Я считаю, что мат предпочтительней использоватъ в письменной поэзии и литературе, чем в устной речи. Вся его меткость прямоты транжирится голосом. Так что мат не то что должен считаться непечатным, а наоборот – только печатным, а не произносимым.
Кстати, сленг и жаргон меняются у каждого поколения, и только мат живёт столетия без изменения: «хуй», «пизда» и «ебля» – это неразменная монета языка, его золотой запас. Он представляет собой конечный, тупиковый смысл, уточнять который становится более невозможно. Трудно себе представить дальнейшее развитие языка, при котором будут найдены ещё более точные слова и слово «ебля» станет восприниматься как иносказание.

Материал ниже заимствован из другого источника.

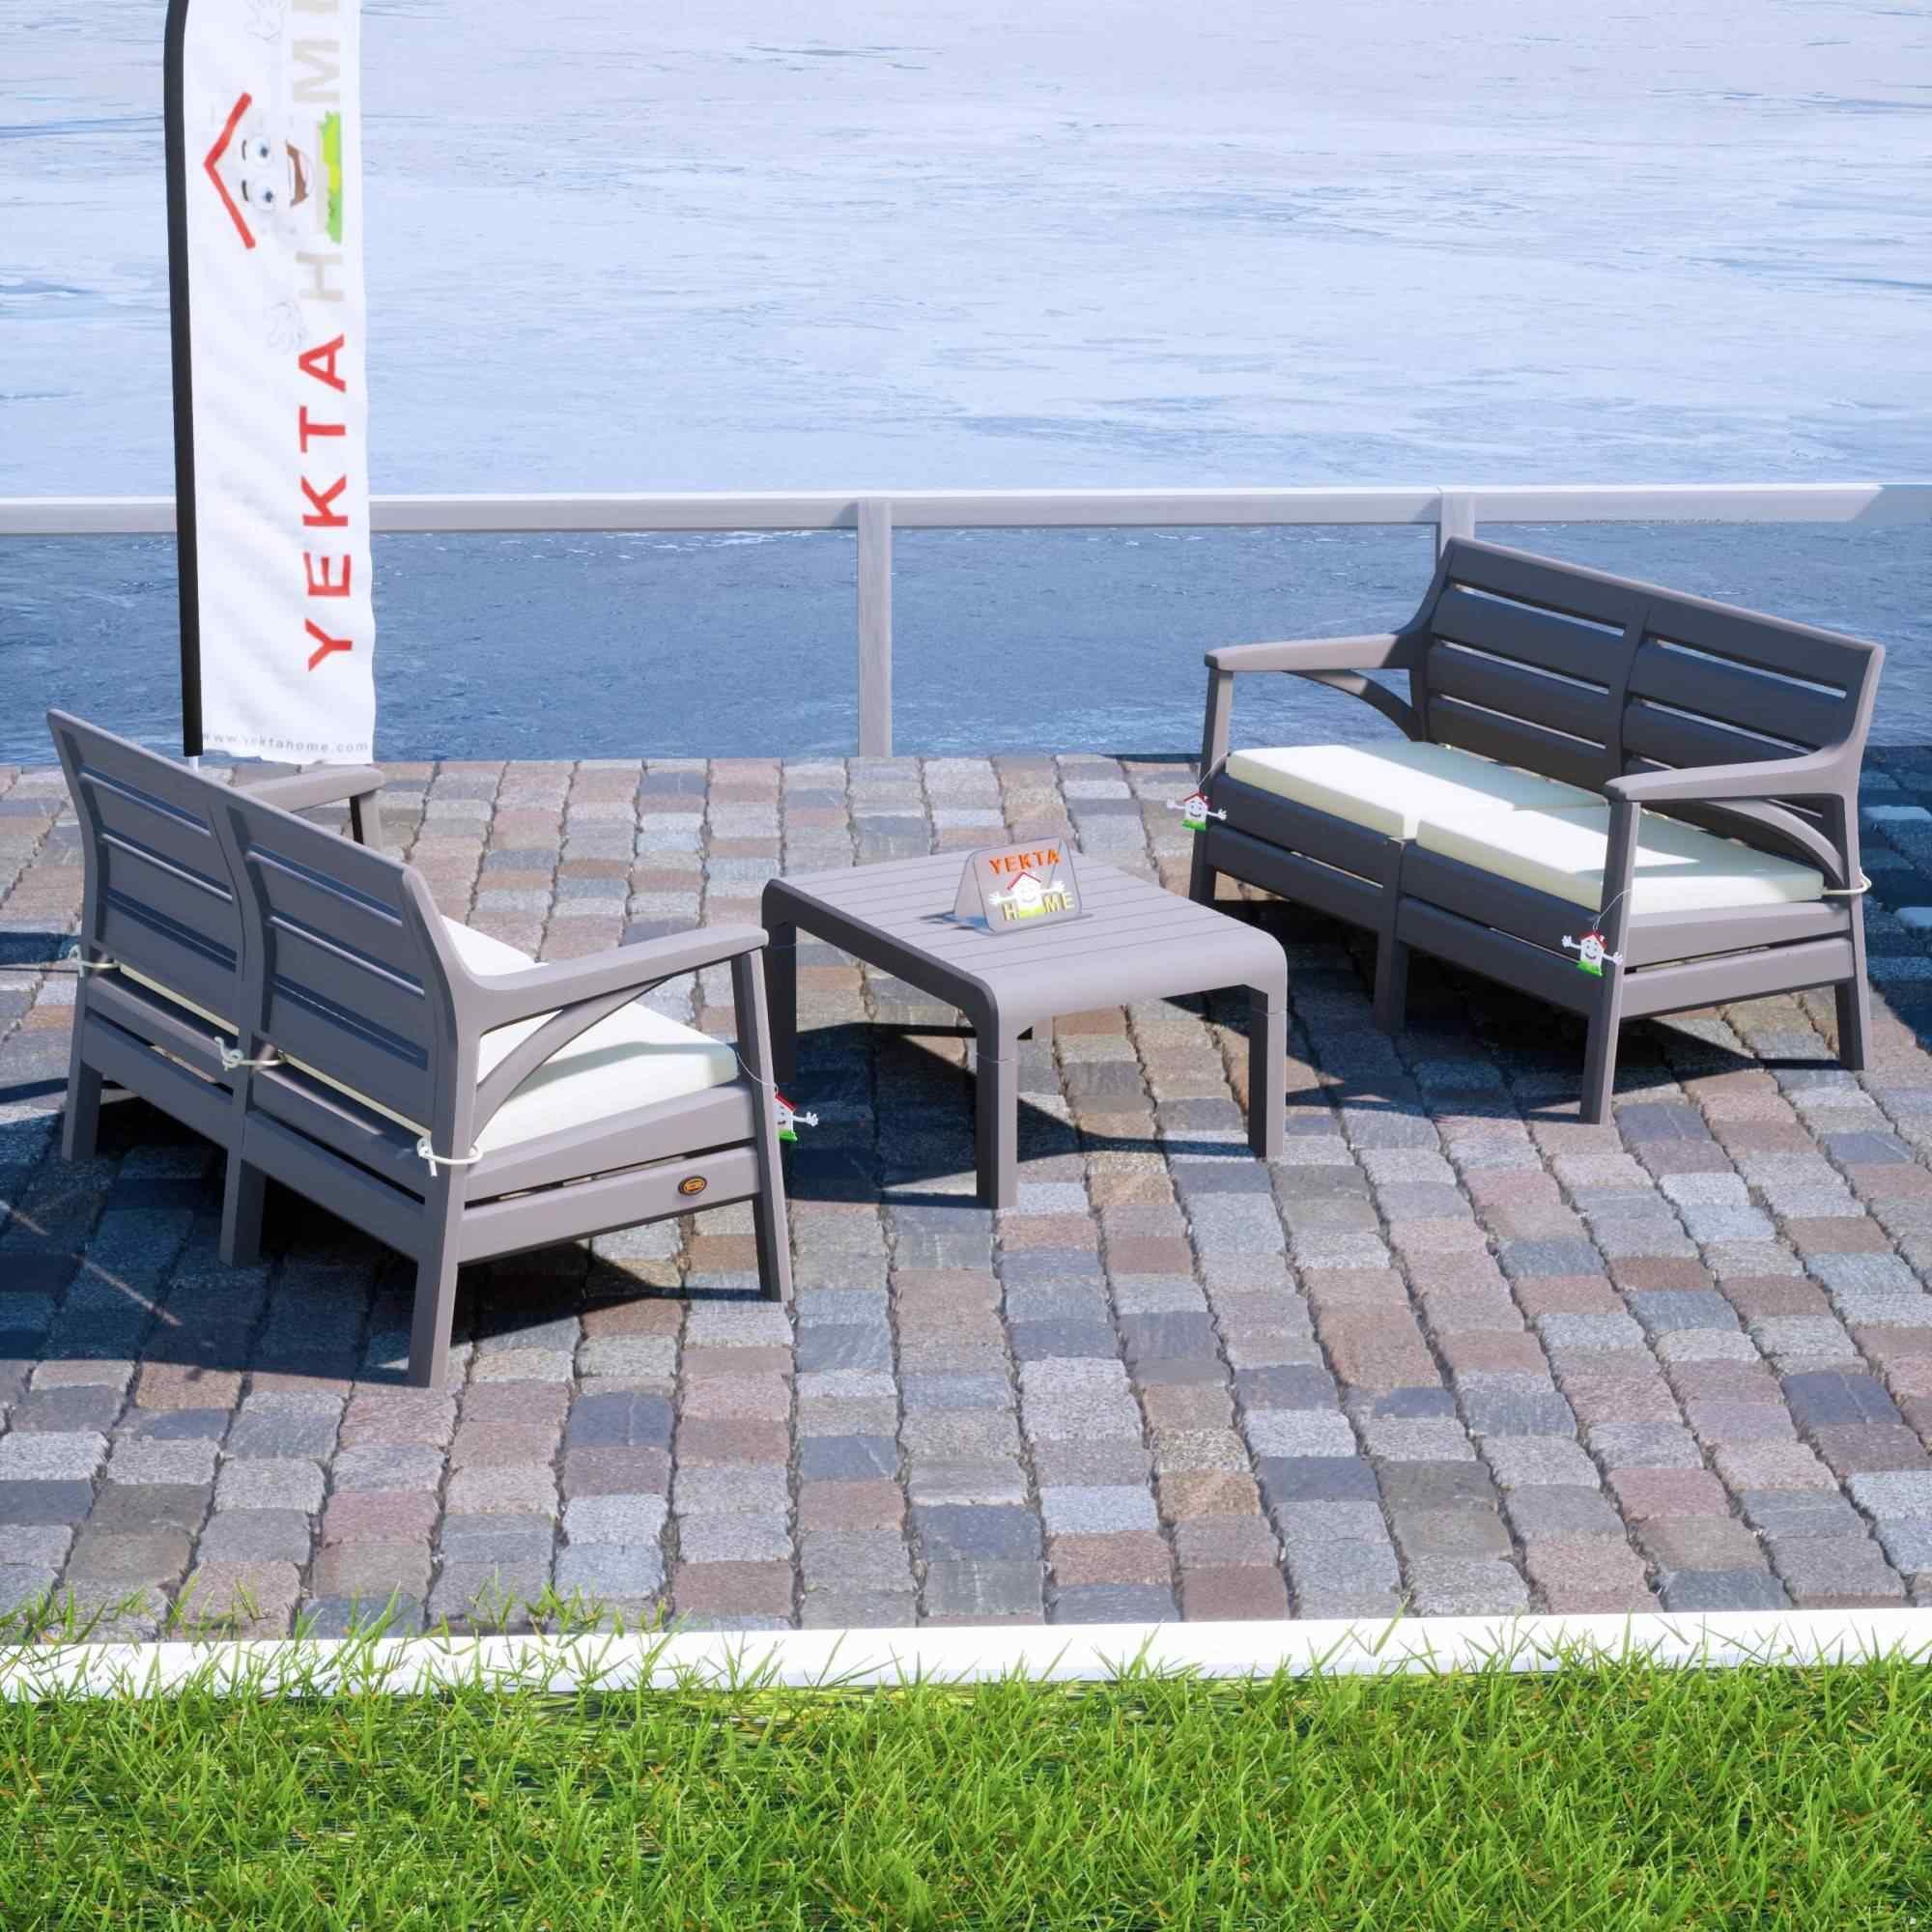 Holiday Torino Bahçe Takımı Oturma Grubu Balkon Seti Çöl Gri

Используя три «ключевых» слова, в России можно легко изъясняться. Вот простейший пример:
«Как хуй ни выябывался, а ёбся он хуёво. Сначала пизда пиздела, мол, хуё-моё, и хуева поебень, а потом как захуярила, что хуй аж опизденел. А пизда уж совсем охуела. Заебла хуй в пизду. Хую остопиздело, но пизду не наебёшь. Не пизди – не хуя тут, доябывай или уябьюай. А то пиздюлей захуярю! Хуй отпиздярил её охуительно, но вскоре накрылся пиздой».
Далее ты говоришь, что был некий смысл в том, что эти слова стали бранными, мол, надо было – и вот бранные слова изобрелись.

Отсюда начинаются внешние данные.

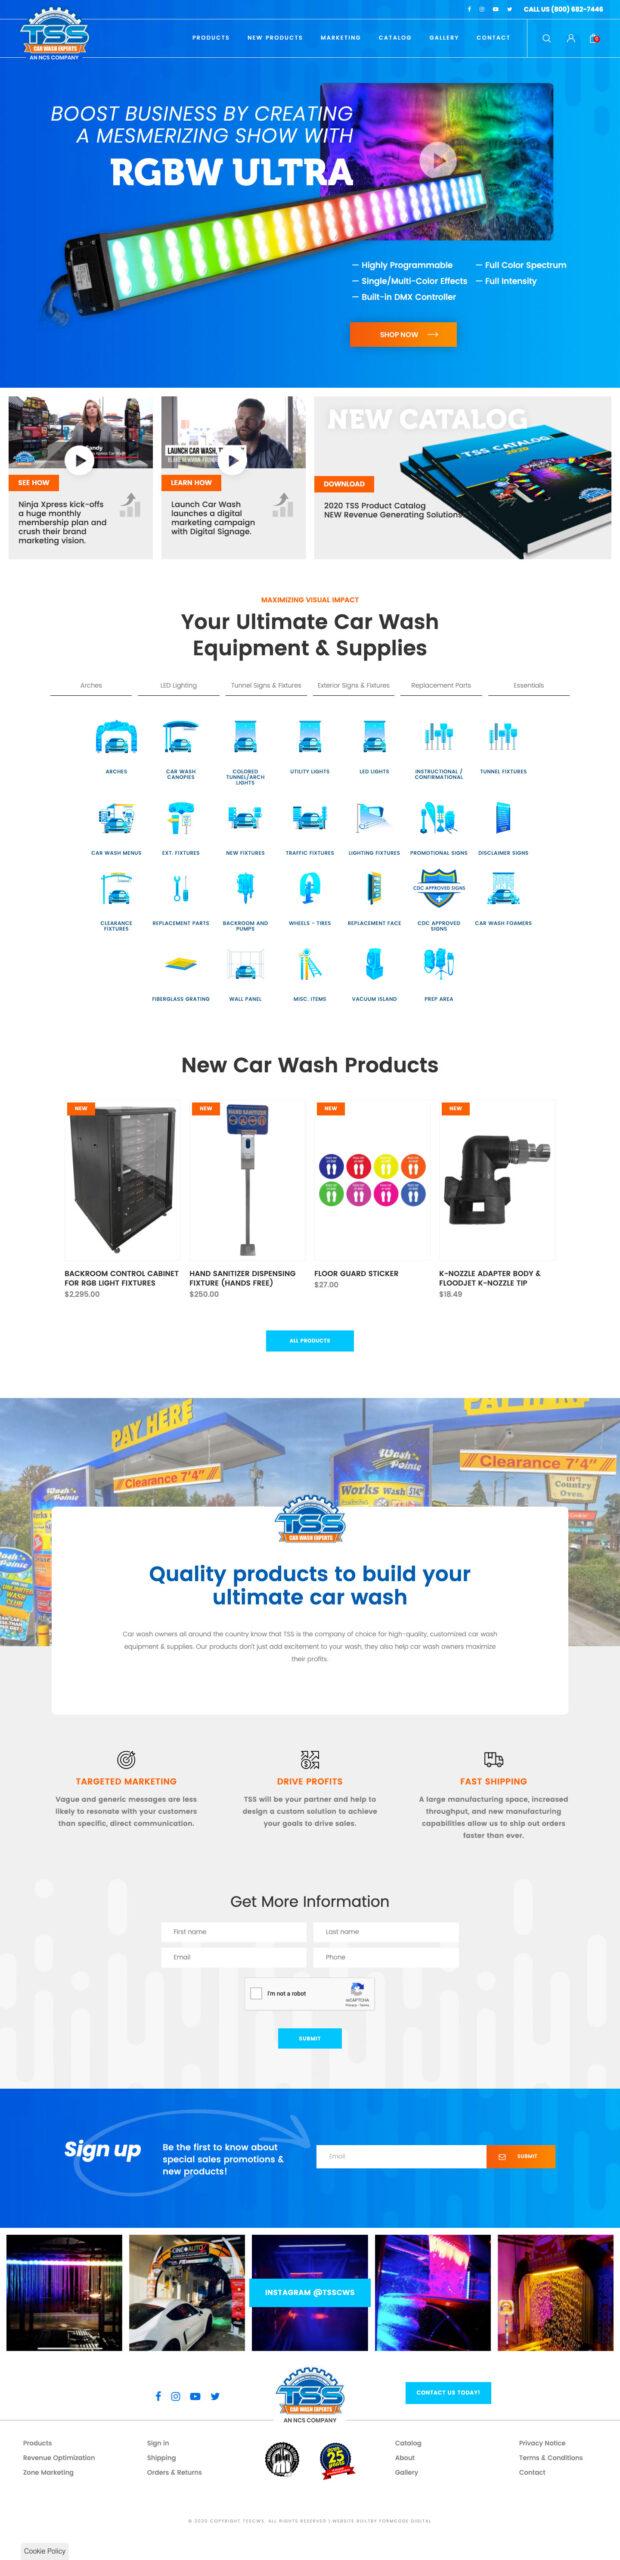 TSS car wash marketing website

Что ж, давай поговорим и про это. Слова «изобретались» поначалу для обозначения объекта или действия и лишь потом стали принимать эмоциональную окраску в зависимости от того, каково было ощущение от объекта или действия. Естественно, что эмоциональная окраска менялась вместе с изменяющимися ощущениями. Очевидно, что слова «хуй» и «пизда» образовались не из желания похулиганить, а из желания обозначить органы тела и их взаимодействие, которые, между прочим, дают человеку величайшее наслаждение. Я думаю, что не будет большой натяжки, если предположить, что изначальная эмоциональная окраска этих слов была весьма восторженной. В языческие времена люди относились к сексуальной жизни естественно, то есть радостно. К примеру, латинское слово fascinate, обозначающее «хуй», имело смысл «волшебный Дух».
Потом явилось христианство, и с собой оно принесло идею «порочности» половой жизни, греховности плоти. Образцом поведения стало считаться подавление сексуальных желаний. Вследствие этого половые органы превратились в изгоев, и само их упоминание стало звучать оскорбительно. В языческих культурах, кстати, и по сей день отношение к сексу, как к таинственному празднику, а не как к неизбежному греху. Посему «хуй» и «пизда» звучат как брань лишь потому, что христианство исковеркало отношение человека к самому себе.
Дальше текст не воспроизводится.